Moreover, it is understandable that a close relative of a murder victim, for example, would want vengeance. And, if allowed to do so, the relative is likely to inflict the same punishment (death) upon the murderer. The relative’s desire to kill the murderer seems consistent with a primordial inclination to protect a blood relative at extreme costs, if necessary. However, the State has a duty to rise above such familial relationships and desires. As such, the State is expected to safeguard the society and protect the members in general. This means that the interests of individual members should always be considered along with the interests of the society. Thus, it may well be that even a murderer should not be killed.
For the reasons stated above, among others,[21] it seems necessary for criminal justice to devise a sanctions model that appropriately punishes persons that commit the most serious crimes, such as first degree murder, and at the same time avoids unneeded controversy. This need led to the sanctions model presented below.
3. How Can Criminal Justice Avoid the Controversy Surrounding Capital Punishment While Ensuring that a Serious Criminal is Adequately Punished?
3.1 “Life in Prison with Hard Labour and No Release before Natural Death” – LPHLNR
While considering the broad and specific ingredients of the best model to replace capital punishment, I am aware of the relative popularity of the alternatives to this form of criminal punishment. The literature on alternatives to the death penalty shows the following: “The most popular alternative to the death penalty is life imprisonment without the possibility of parole plus restitution. This alternative not only costs much less than capital punishment, but also keeps the criminal in jail for the rest of his life – so he cannot return back to society”.[22] With this in mind, the “Life in Prison with Hard Labor and No Release Before Natural Death” – LPHLNR – model is propounded here for managing persons convicted of otherwise capital crimes, such as first degree murder. I had introduced this model in Reconstructing Law and Justice in a Postcolony.[23] I now provide a more in-depth explanation of the paradigm’s various elements and related issues. As stated earlier in this article, LPHLNR is a punishment, rather than healing, model. Unlike Restorative Justice’s healing brand, the prototype I recommend here does not aim to change or correct capital convicts, such as first-degree murderers. Instead, this model is designed to punish such convicts because of the extreme nature of their crimes (remember that the murders were premeditated). However, the elements of the LPHLNR model are crafted to address the legitimate arguments against capital punishment and its other alternatives.
3.2 Gauging the Reactions to the LPHLNR Model: A Field Test
Before presenting and explaining the elements of the LPHLNR model, I wish to intimate the reader that I have carried out what can be described as a field test of the model. The aim was to further enhance and strengthen the prototype before formal publication.

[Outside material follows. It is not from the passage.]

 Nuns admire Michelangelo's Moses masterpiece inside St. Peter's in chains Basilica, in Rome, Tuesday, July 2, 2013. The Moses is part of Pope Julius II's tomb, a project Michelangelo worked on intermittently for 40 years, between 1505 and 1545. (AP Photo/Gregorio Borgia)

In February 2010, I gave a guest lecture to an audience (faculty, students, and staff) at a university in the USA state of Virginia, on this sanctions model. The lecture served as a constructive avenue for gauging the model and its many elements. In the exchanges I had with the participants at the event, many useful comments, suggestions, and critical appraisals were shared. The participants received the LPHLNR model very well. As should be expected, they also offered recommendations for its improvement. To the extent necessary, those recommendations have been incorporated in the model offered in this article. Without a doubt, the ideas proffered at the event have helped to better ground and strengthen the model. Wherever appropriate in this article, specific challenges, questions, suggestions, and other ideas of the Virginia, USA audience for improving this model have been reproduced and addressed.

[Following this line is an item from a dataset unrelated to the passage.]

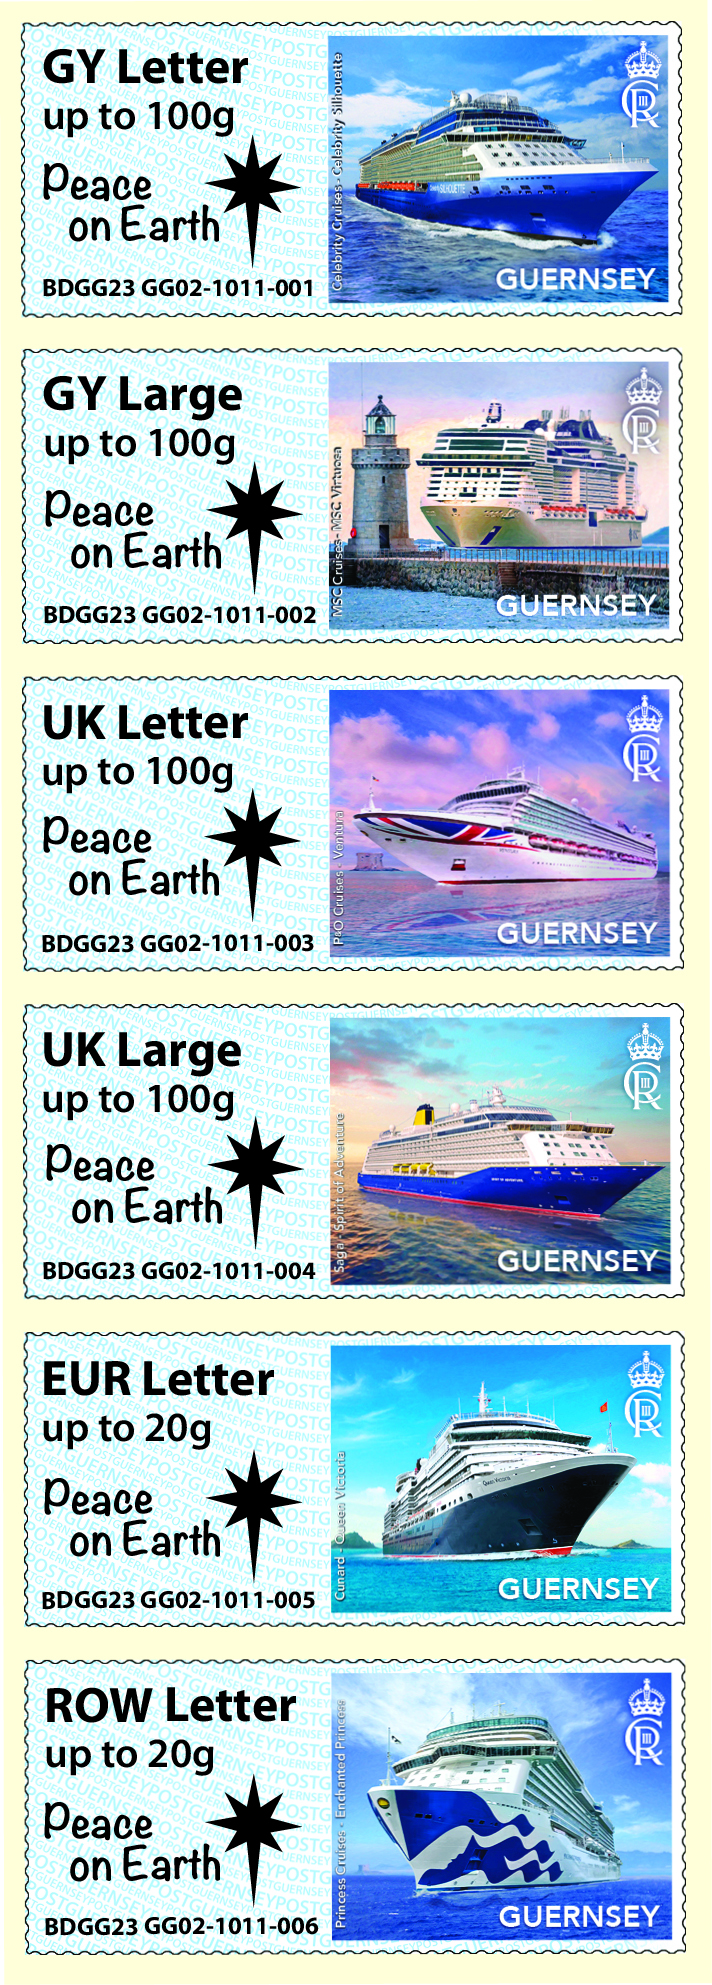 Guernsey's Post and Go stamps depict 2023 Seasonal message

3.3 Key Elements of the LPHLNR Model
The key elements of the Life in Prison with Hard Labor and No Release Before Natural Death (LPHLNR) model that I offer are:
1. Life in prison, with hard labor, without the possibility of release before natural death. This form of imprisonment is really for life, meaning that by law no application for an early release of a convict sentenced accordingly will be filed or considered. Research shows that one of the reasons many citizens support the death penalty is because they fear that a convict sentenced to life in prison is invariably paroled after some years. In the USA, for example, the fear is pervasive (including among jurors). “Everybody believes that a person sentenced to life for murder will be walking the streets in seven years”, per Weltner, J. (Georgia State USA Supreme Court).[24] Also, “some of the jurors were wanting to know would he get out in like seven years on good behavior …. If we were gonna put him in prison, we wanted to make sure he would stay there. But … we didn’t really feel like he would … we really felt like we didn’t have any alternative” (Juror in an interview following a death sentence).[25] It is unsettling to know that a convict could be sentenced to death because a jury (or judge) wishes to preempt a criminal justice system that does not require a life imprisonment term to run its full course.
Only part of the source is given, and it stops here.